Stealing from his mother’s house,

Edward came across a hand-written note

tucked away in a scallop-shell purse, which seemed at first

to be some sort of letter or short story, but here’s what it said:

 

“As a child, Edward liked to climb trees in the plantation

and make dams in the stream at the foot of the garden,

and once carved a bookmark from a piece of wood.

But right from the very beginning there was an absence in Edward’s life,

a craving emptiness which grew like the black pit of a dilating eye.

Where that void came from neither the teachers nor doctors could say,

except that it was there from the very start,

curled up beside him in his crib, hiding in the grip of his fist,

drinking from the water vapour in his breath.

Nothing could suture that dark, famished wound.

Board games and soft toys, space-hoppers and bikes –

the more it was given the deeper and wider it grew.

All sweetness was rancid on Edward’s tongue.

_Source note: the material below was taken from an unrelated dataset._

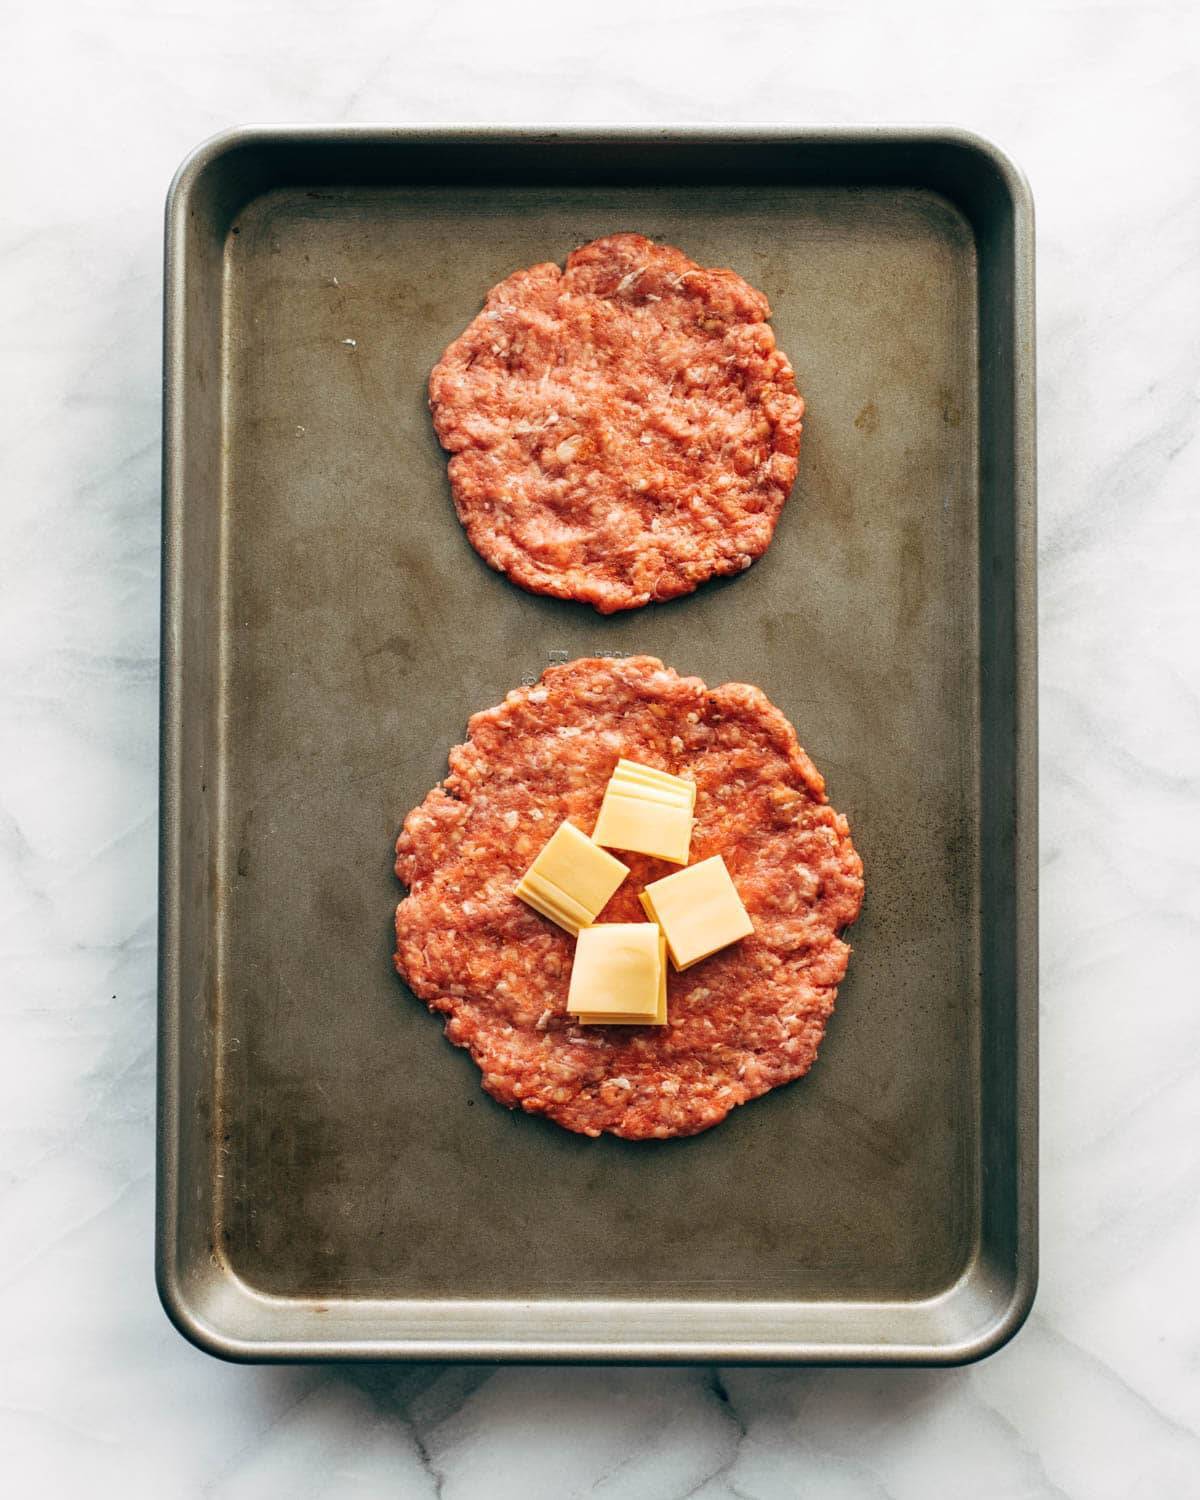 Adding cheese to two burger patties.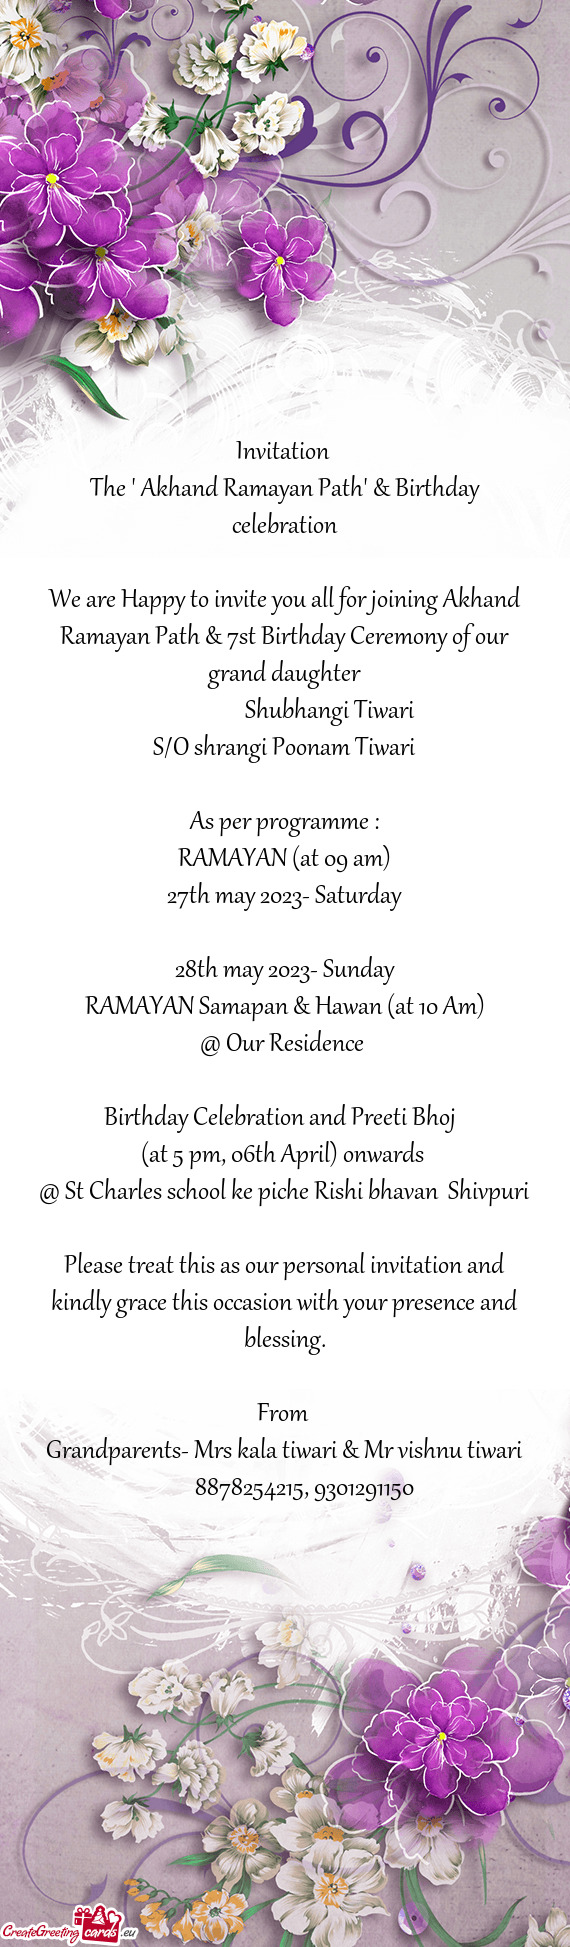 We are Happy to invite you all for joining Akhand Ramayan Path & 7st Birthday Ceremony of our grand

All handshakes were tentacles, all compliments were veiled threats,

all statements and assessments were worthless confessions

obtained under torture, all care-plans were Byzantine conspiracies of evil intent.

Awake and asleep Edward stalked the battlements alone,

meeting the emissaries of peace with the point of a bayonet,

beading friendship in the crosshairs of suspicion,

scanning the open plane from the watchtower

so as to ride out and beat until dead the first flames of tenderness

or the sparks of love. He is survived by his mother, Eleanor,

from whom he took everything, but who would give it all again

just to let him scream his agonies into her face

or pound his fury into her breast one final time. He left no note.”

Edward opened the wardrobe, which was empty

except for the greatcoat, which slumped towards him

then engulfed him as he hauled it from the rail.

The huge, overburdening coat with its stiff, turf-like cloth,

and the heavy legs of its sleeves, and the triceratops collar

and the mineshaft pockets and the drunken punches of its flailing cuffs.

Through the neat bullet hole in the back, daylight looked distant and pinched,

like the world through a dusty telescope held back-to-front to the eye.

 

And there Edward wept, crouched in the foxhole,

huddled in a ball under the greatcoat, draped in the flag.